The results from fine-mapping experiments highlighted 10 likely causal coding variants, including variants of genes that have previously been associated with chronotype. A low-frequency missense mutation in RGS16 was the most strongly associated with morningness. Genomic regions identified included genes expressed in the brain, and in the retina of the eye. Given that the body clock cycle is naturally just longer than a 24-hour day, the brain may need to use light detected through the eye realign the body clock with the 24-hour day. “We confirm previously reported enrichment of circadian rhythm pathways and retina and brain expressed genes at associated loci, and demonstrate further enrichment of genes in the cAMP, cGMP, NMDA, and insulin signaling pathways as well as those in the pituitary gland,” the team noted.
“Our work indicates that part of the reason why some people are up with the lark while others are night owls is because of differences in both the way our brains react to external light signals and the normal functioning of our internal clocks,” Jones further suggested. “These small differences may have potentially significant effects on the ability of our body clocks to keep time effectively, potentially altering the risk of both disease and mental health disorders.”

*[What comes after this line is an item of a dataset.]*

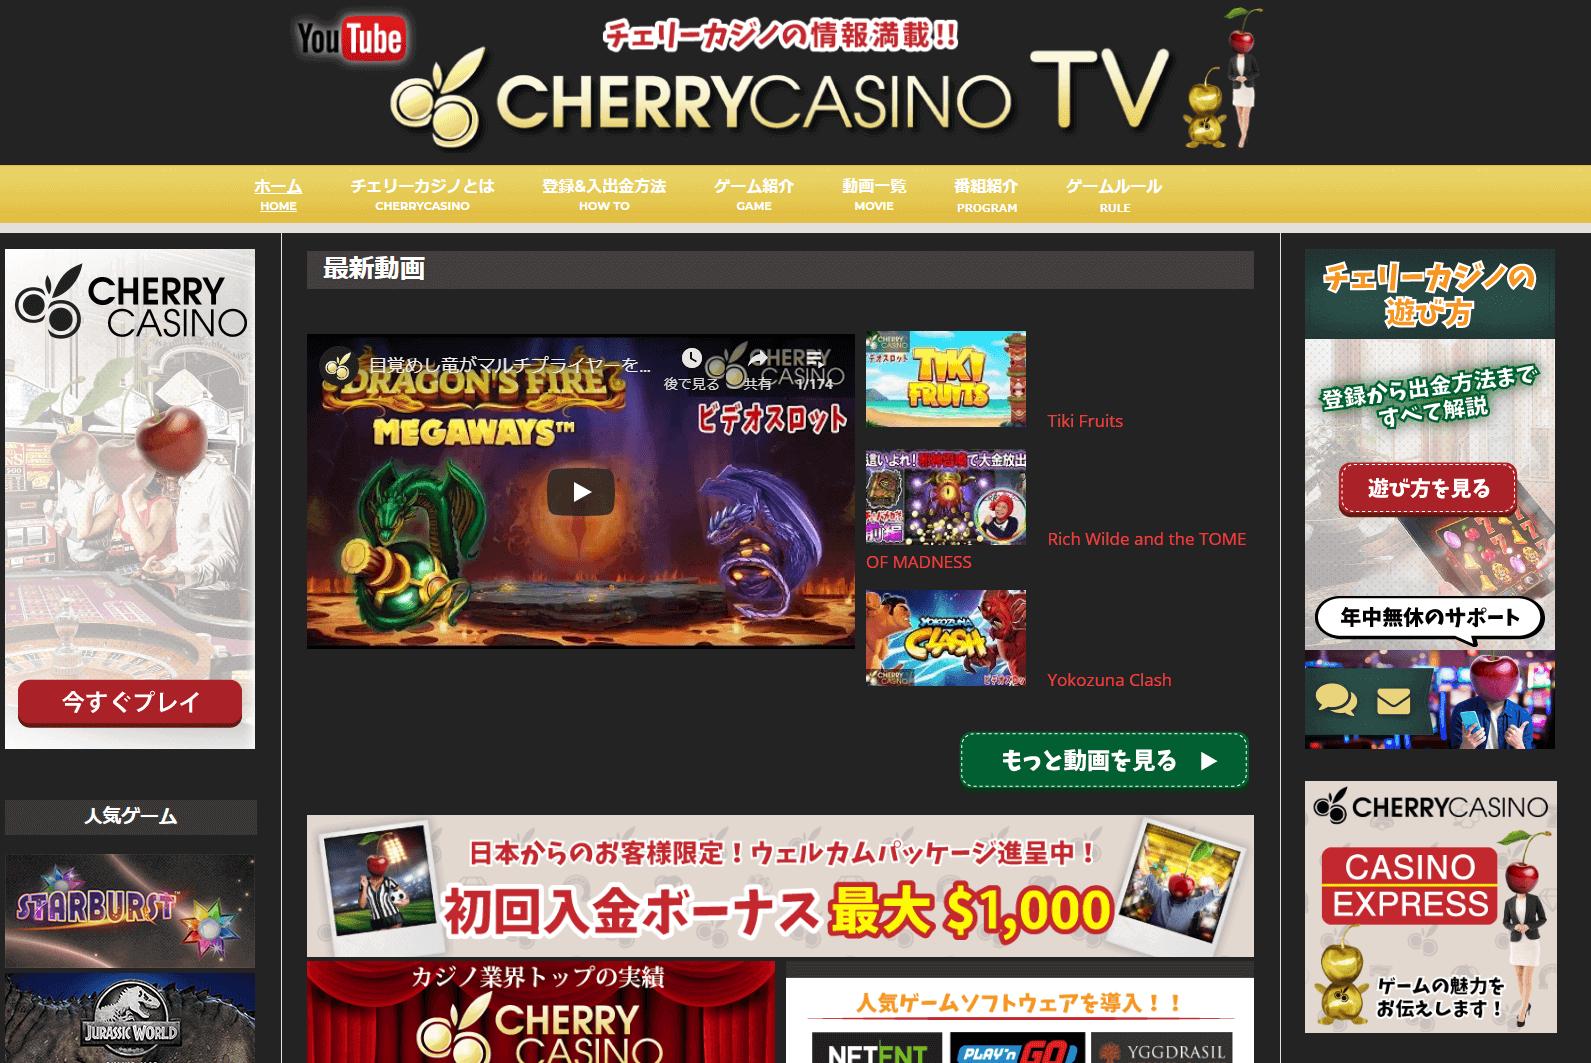 チェリーカジノのオフィシャルYouTubeチャンネル画像1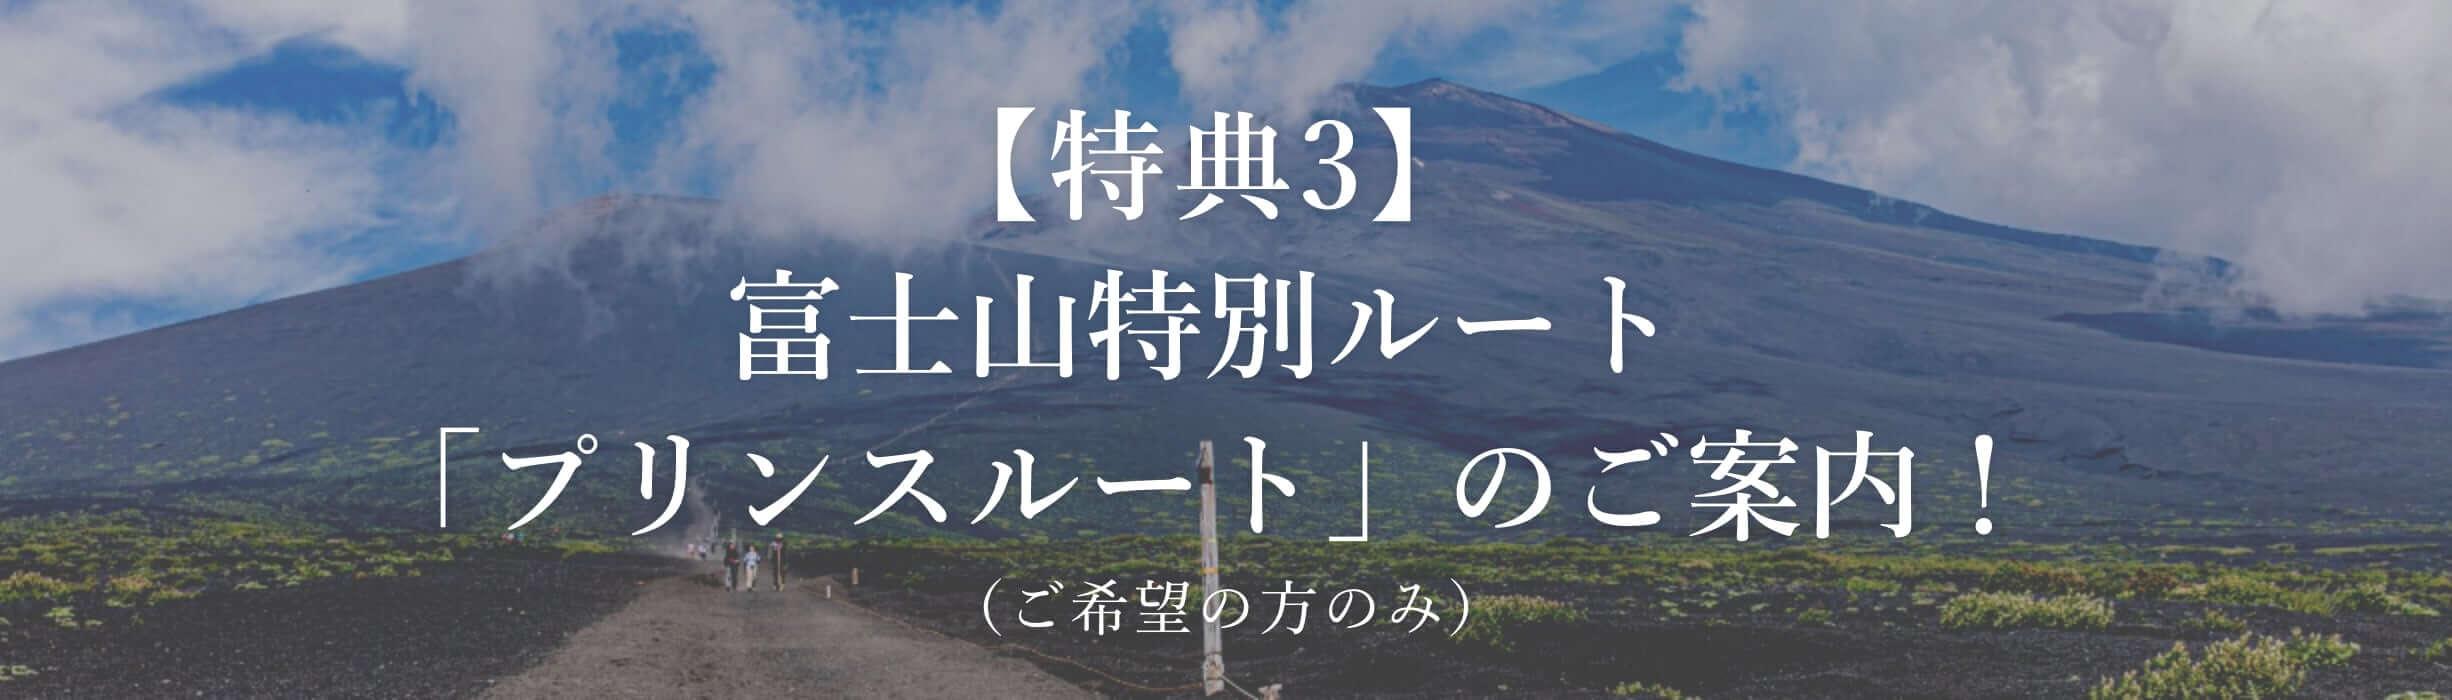 【特典3】富士山特別ルート「プリンスルート」のご案内!(ご希望の方のみ)

Further analyses suggested that chronotype is genetically liked with psychiatric traits. “We saw evidence that being a morning person confers a liability to lower risk of schizophrenia and greater subjective well-being,” the authors continued. “The most genetically correlated trait was subjective wellbeing, which was positively correlated with being a morning person.” However, in contrast with findings from previous studies, the data could find no causal link between chronotype and body mass index, fasting insulin, or the risk of type 2 diabetes.
The researchers suggested that their highlighted genes will allow further, more in-depth functional studies into chronobiology. “By understanding the genetics of sleep and activity timing in the general population, we also gain insights into potential avenues of therapy for individuals with more extreme conditions, such as those with advanced or delayed circadian rhythm disorders,” stated co-lead author Jacqueline M Lane, PhD, instructor at the Massachusetts General Hospital, department of anesthesia.
“We know that there are links between how the body clock functions and our health and wellbeing but, to date, we have understood little about the part genetics plays,” added Rachael Panizzo, PhD, program manager for mental health and addiction at the Medical Research Council, which funded the study. “Now, with the help of publicly funded datasets like UK Biobank, researchers are able to study on an unprecedented scale, the interplay between the genetics of the body clock and the risk of mental health conditions such as schizophrenia and depression. This study provides valuable new insights which we hope will lead to more effective interventions for those most at risk.”